Basically my five days in Korea were nothing short of amazing. Like my friend told me, time is precious when you are there. I could rant on and on about the things which I enjoyed the most and if I were to do it chronologically, I could end up sounding like Antonio Pigafetta, Ferdinand Magellan's chronicler. But the best thing about my trip is that I got more than what I bargained for.

* Stationary fireflies.
One of the first things I noticed while cruising the freeway from Incheon to Seoul were the lights. There were so many streetlights which illuminated freeways, bridges and and highways in Seoul, I began to wonder how much the the government allots for electricity alone! They looked like stationary fireflies which dotted the skyline.

As we crossed the river Han, I noticed that there were several bridges. Each bridge was different from another both in structure, design and color, thanks to the lights. The bridges came in all sorts of colors such as green, yellow, blue and even pink and purple.

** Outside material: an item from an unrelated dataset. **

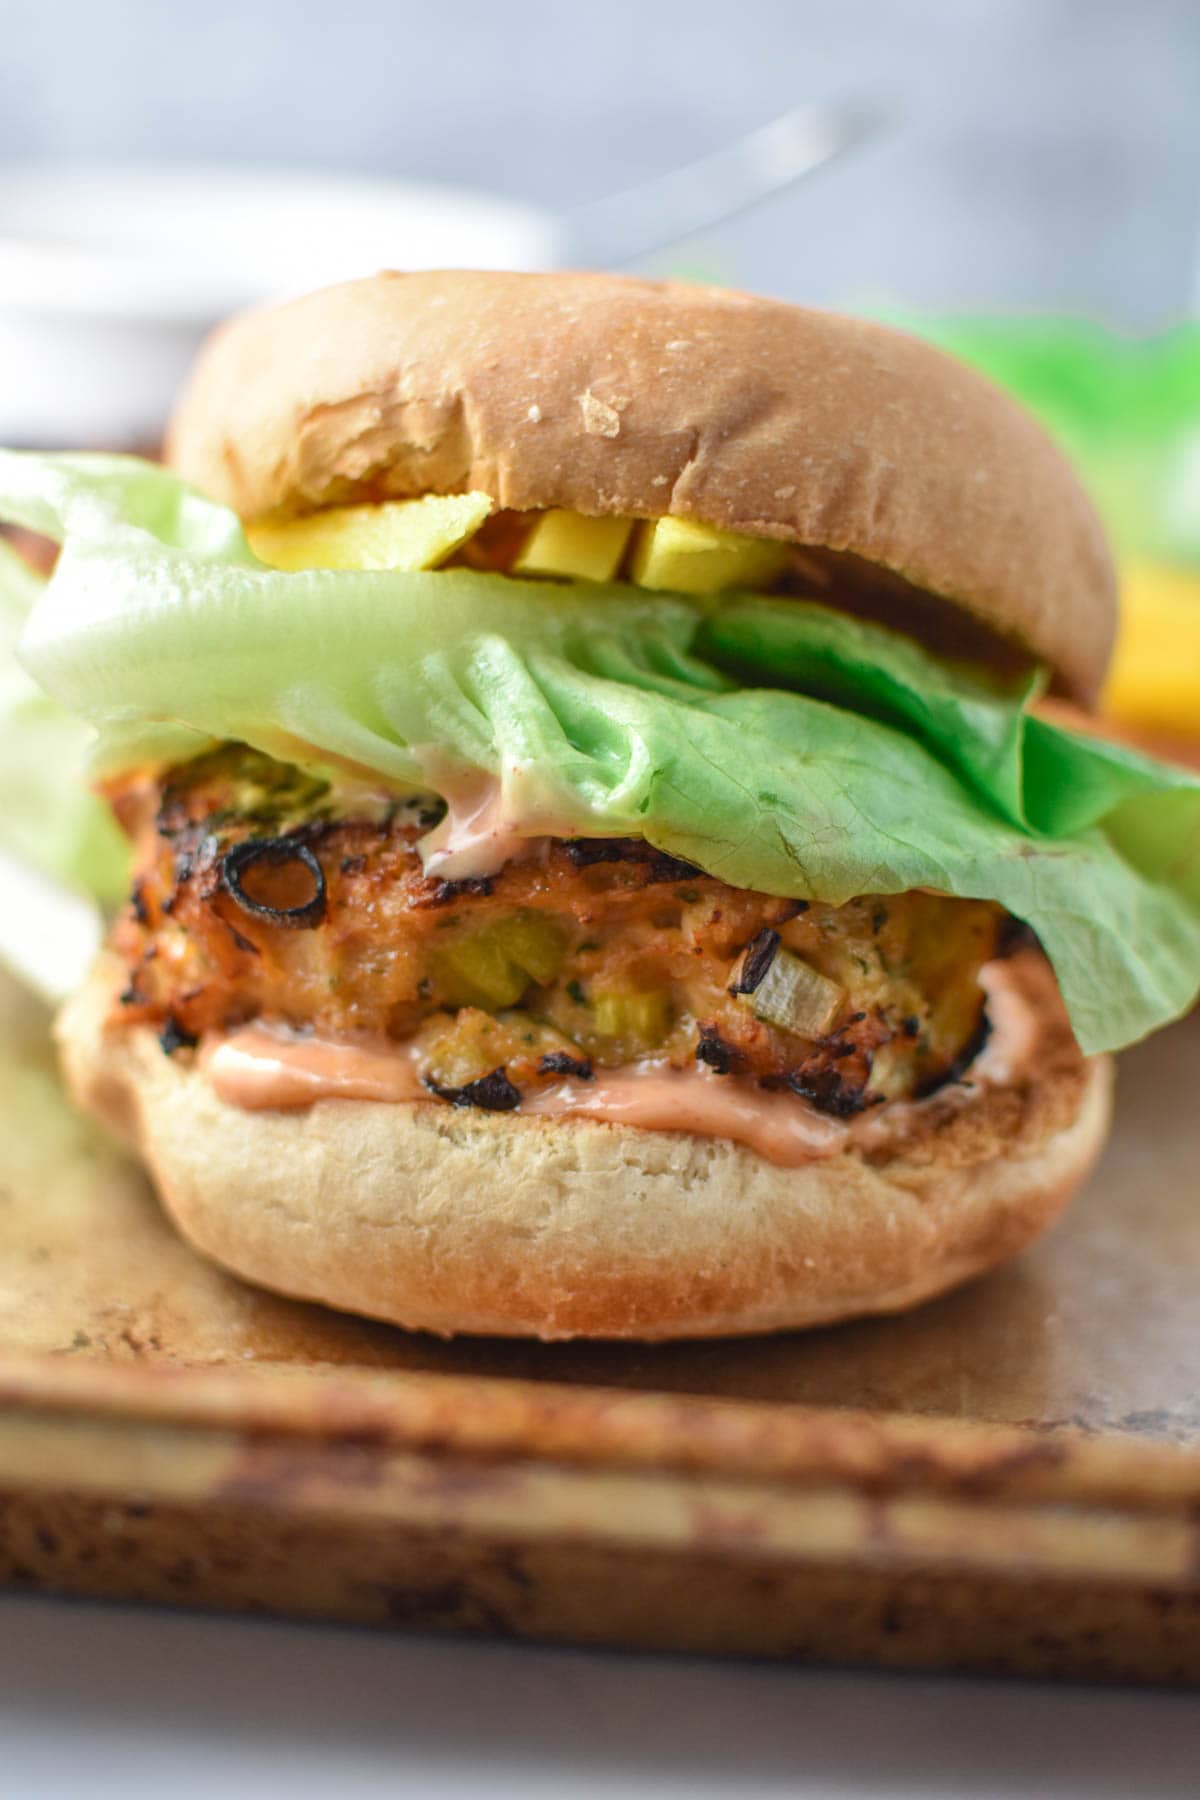 A teriyaki chicken burger with butter lettuce and spicy mayo.

* A different kind of shopping.
Before I left, Mich had warned me that shopping in Korea was a bit heavy on the wallet. My initial experience with the thousands had left me alarmed and queasy. But aside from the fact that in Korea, hundreds meant loose change, I was given a new experience in shopping.

One of the first places we went to was Dongdaemun, the fashion capital of Seoul. A friend who had gone there before already told me about that place but I had not readied myself yet. One side of the street is populated by three big malls namely Doota, Migliore and Freya Town. Unlike malls in the Philippines which are short yet wide, the malls in Dongdaemun race towards the sky. If I remember right, Doota is around 10 floors. The other two are more or less the same. The area per floor is rather big too and each floor is devoted to one kind of merchandise like shoes, ladies' apparel, souvenirs and the like. On the other side of the street is a flea market where they sell antiques, pottery, bronze Buddhas and Andy Lau DVDs.

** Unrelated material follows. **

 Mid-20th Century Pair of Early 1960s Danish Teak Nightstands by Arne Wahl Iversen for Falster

Namdaemun was the fashion capital before Dongdaemun. The streets are full of stores selling clothes, cosmetics, shoes, bags and DVDs. The streets themselves are crowded with tarpaulin-covered wagons which are overflowing with socks, scrunchies, hair clips, wallets, movie star memorabilia like calendars, mugs and pins.

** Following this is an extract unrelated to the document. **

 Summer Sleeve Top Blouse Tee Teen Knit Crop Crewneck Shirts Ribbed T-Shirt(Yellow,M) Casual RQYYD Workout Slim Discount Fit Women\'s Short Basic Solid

We stayed in a hotel near COEX in Gangnam. Under COEX is a sprawling mall which houses so many stores. The prices are pretty expensive in COEX Mall but the items sold are pretty interesting to look at.

Another interesting shopping spot was Insadong. If Harry Potter had Diagon Alley, Seoul would have Insadong. The place was just teeming with people. Insadong gave life to the word "window shopping." The items sold there were diverse from chopsticks to cellphone charms, hanboks to wallets with Won Bin's face on them, chandelier earrings to mini Nanta drums. I was so amused by what I saw I totally forgot to take out my wallet. There were also street performers, people who sold street food while doing tricks and shop owners who would walk their dogs and allow people to pet them. One shop owner brought her white Chow-chow and black dachshund and they did not even try to bite when I petted them. The air in Insadong was thick with the scent of perfume, the whiff of something being barbecued, the musty smell of old books and of course, the voices of the people. In the afternoon, a dramatization and parade featuring Korea's ancient police were staged in the end of Insadong.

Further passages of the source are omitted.